PROBLEM TO SOLVE –
For every line below, output the text exactly and leave out images.
┌─ GIVEN INFORMATION
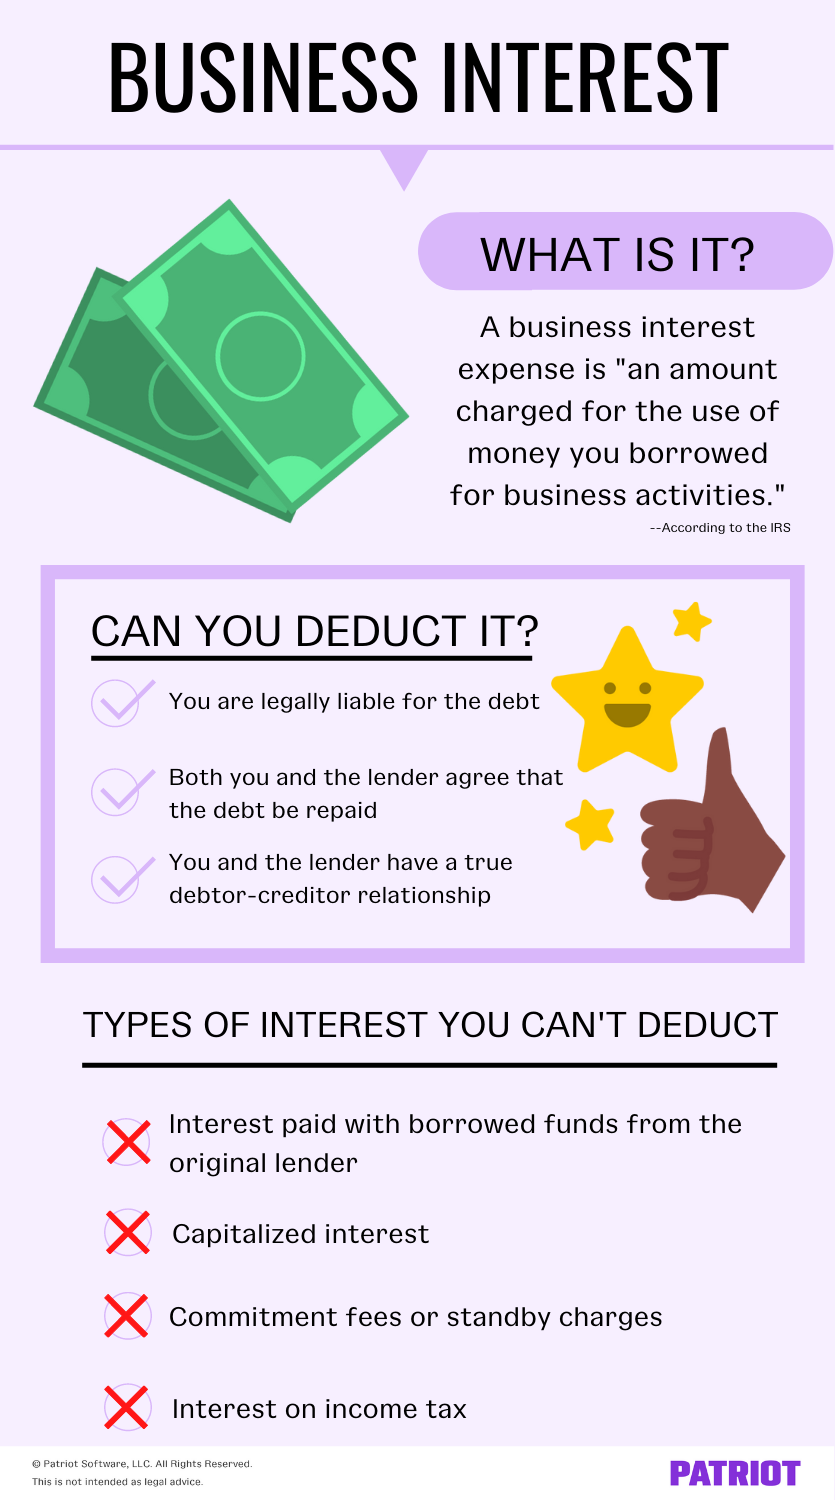 business interest infographic going over definition, whether you can deduct it, and types of interest you cannot deduct
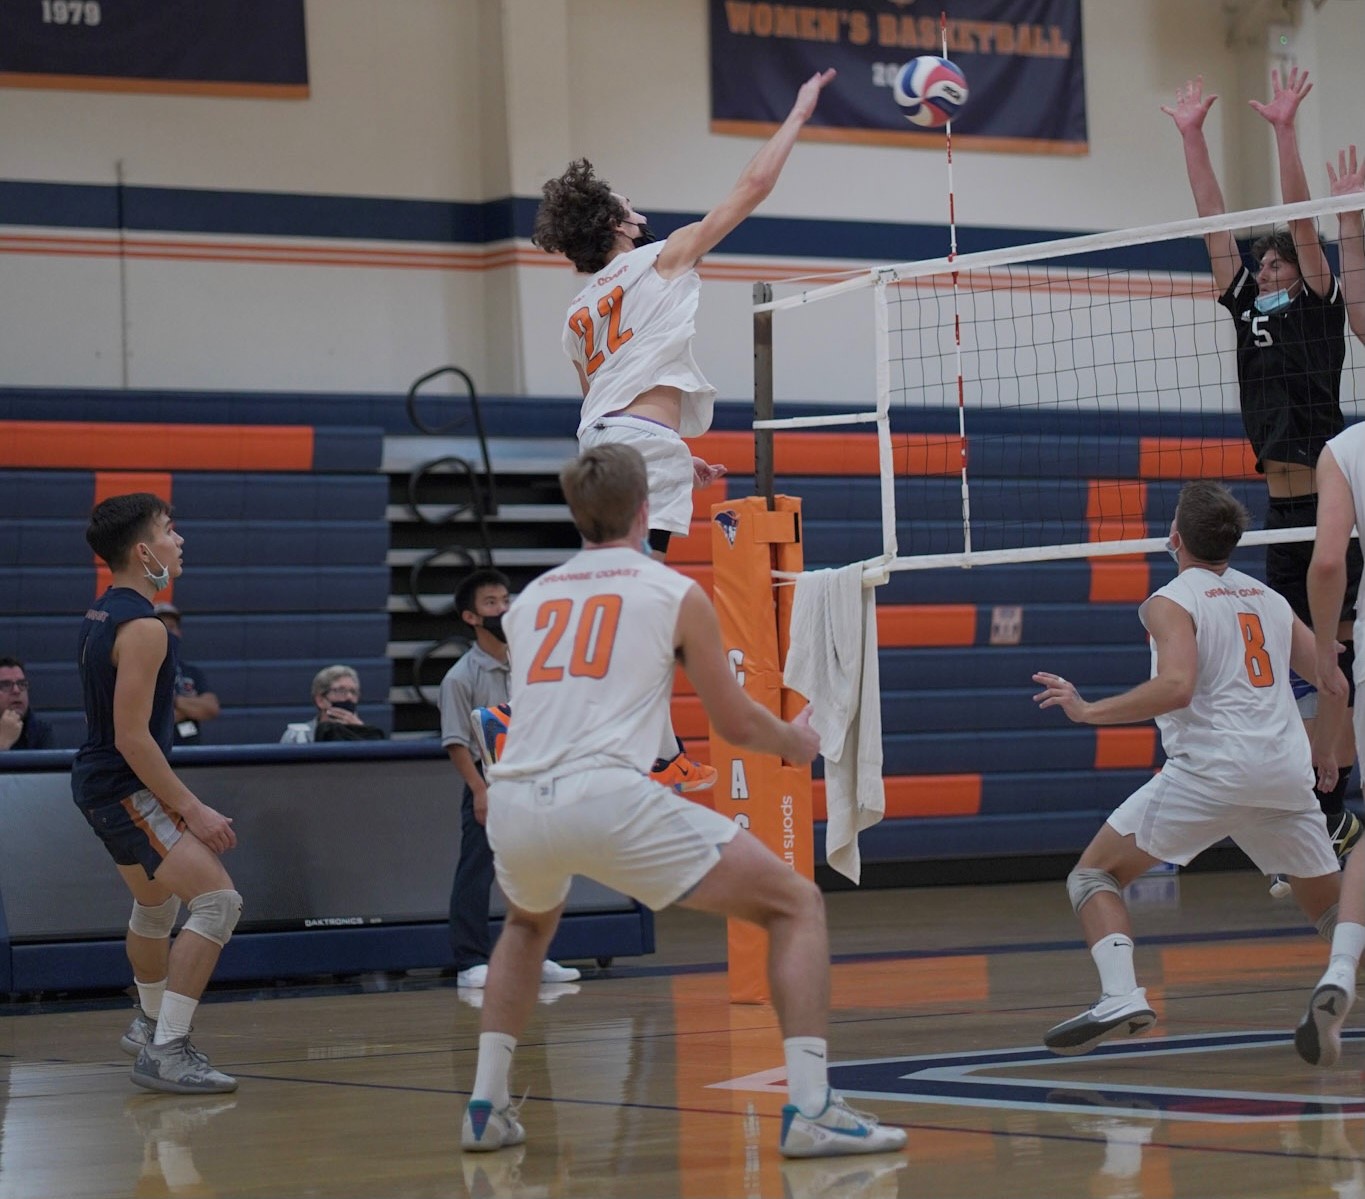 Pirates go unbeaten in OEC with four-set win over Irvine Valley
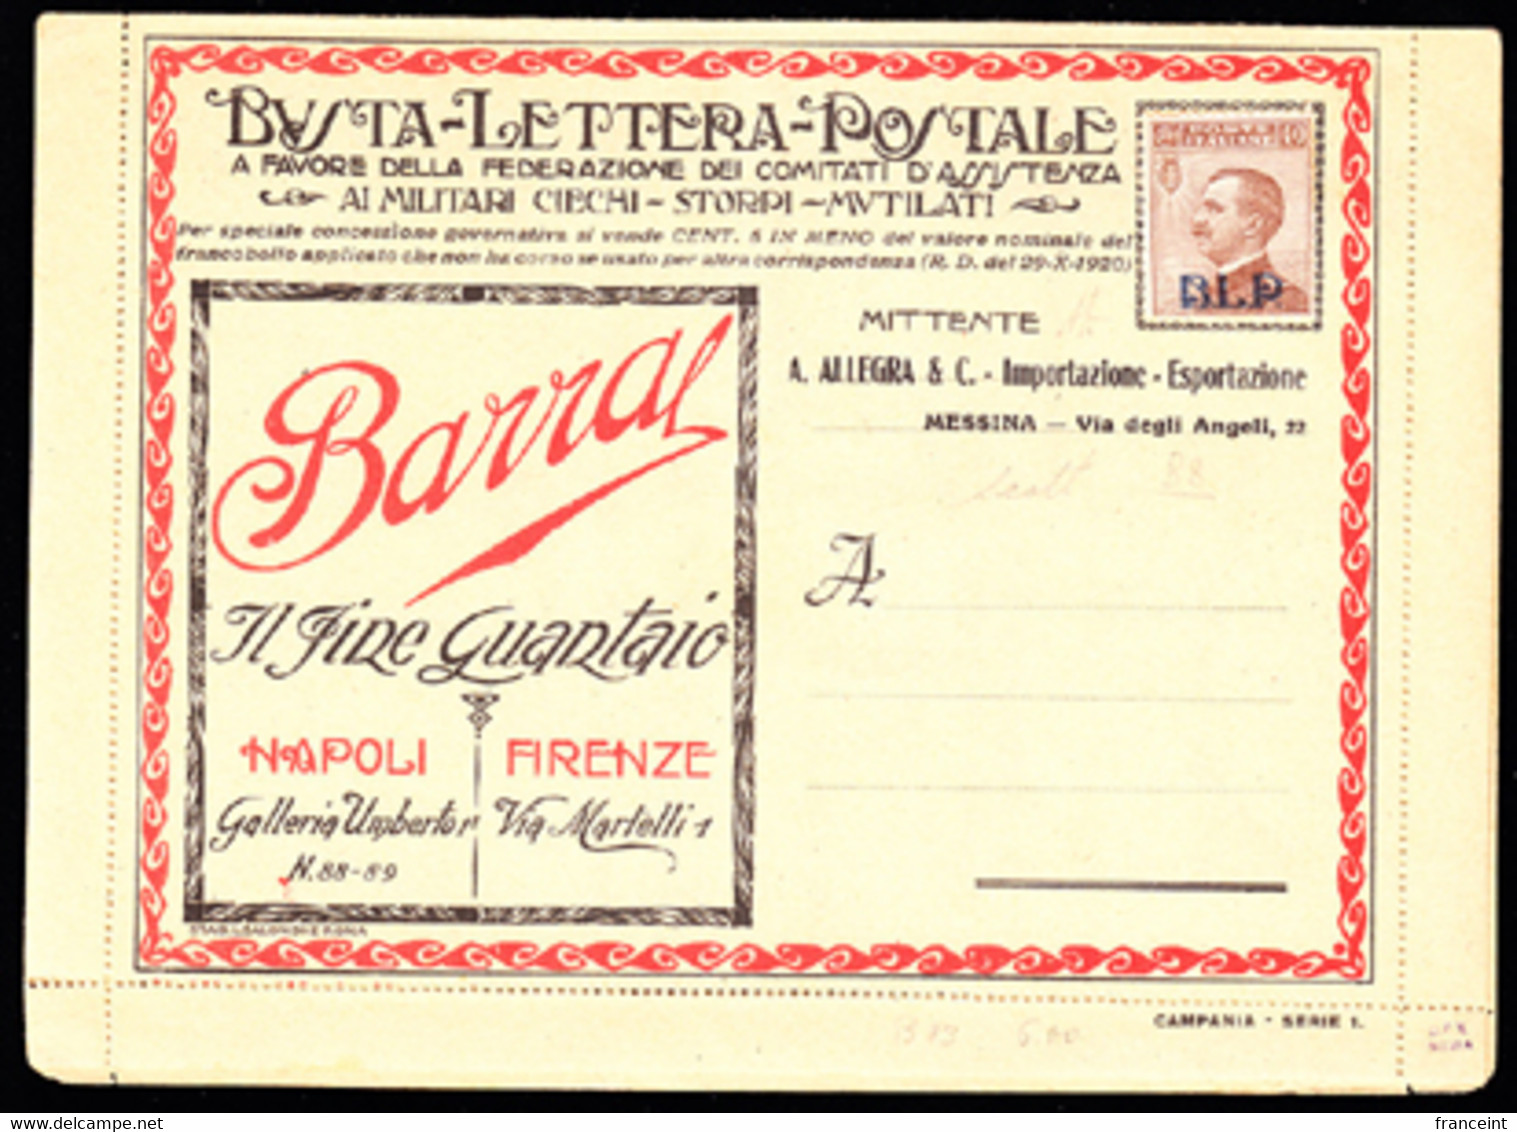 ITALY(1923) BLP Letter. Gloves. Electric Lighting & Heating. Silver And Nickel Plating. Restaurant. Weddings. Etc - Francobolli Per Buste Pubblicitarie (BLP)
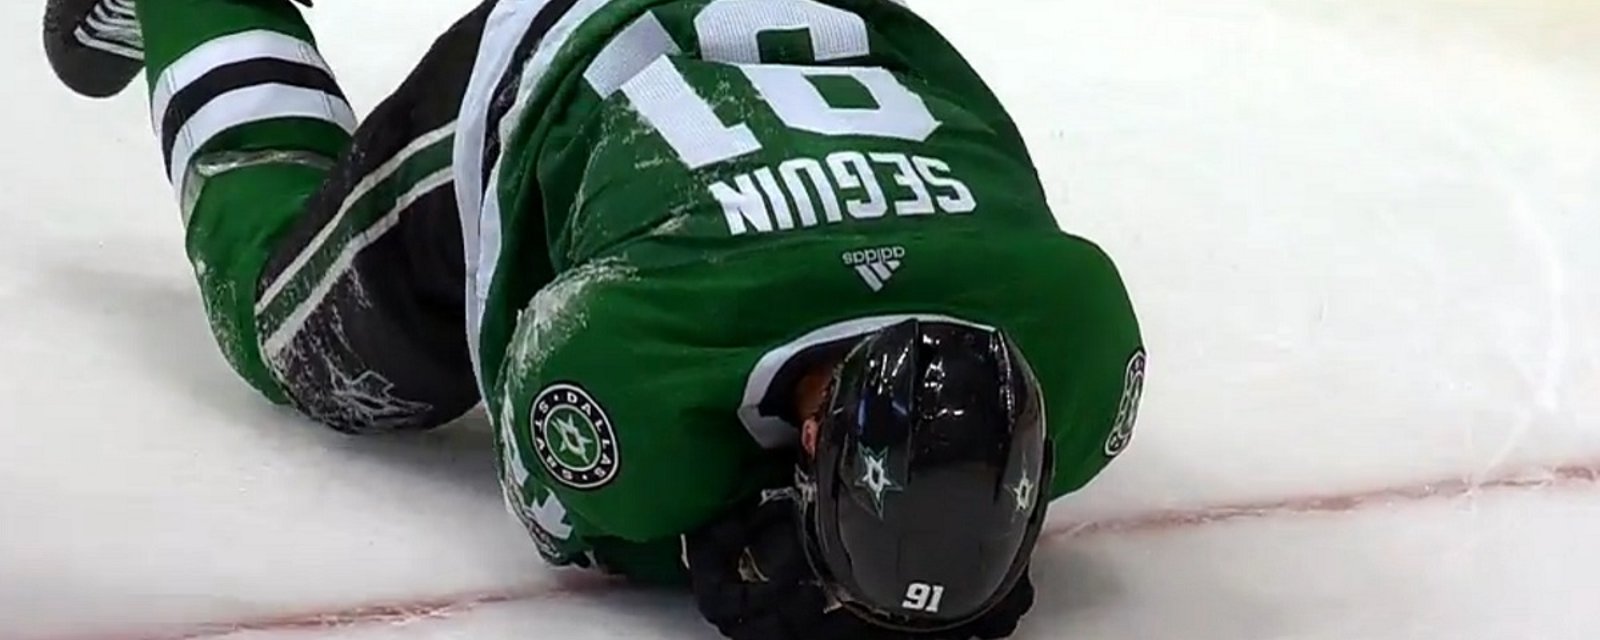 James Neal returns from injury and destroys Tyler Seguin with a huge hit.
└─
TASK RESULT –
 business interest infographic going over definition, whether you can deduct it, and types of interest you cannot deduct
 Pirates go unbeaten in OEC with four-set win over Irvine Valley
 ITALY(1923) BLP Letter. Gloves. Electric Lighting & Heating. Silver And Nickel Plating. Restaurant. Weddings. Etc - Francobolli Per Buste Pubblicitarie (BLP)
 James Neal returns from injury and destroys Tyler Seguin with a huge hit.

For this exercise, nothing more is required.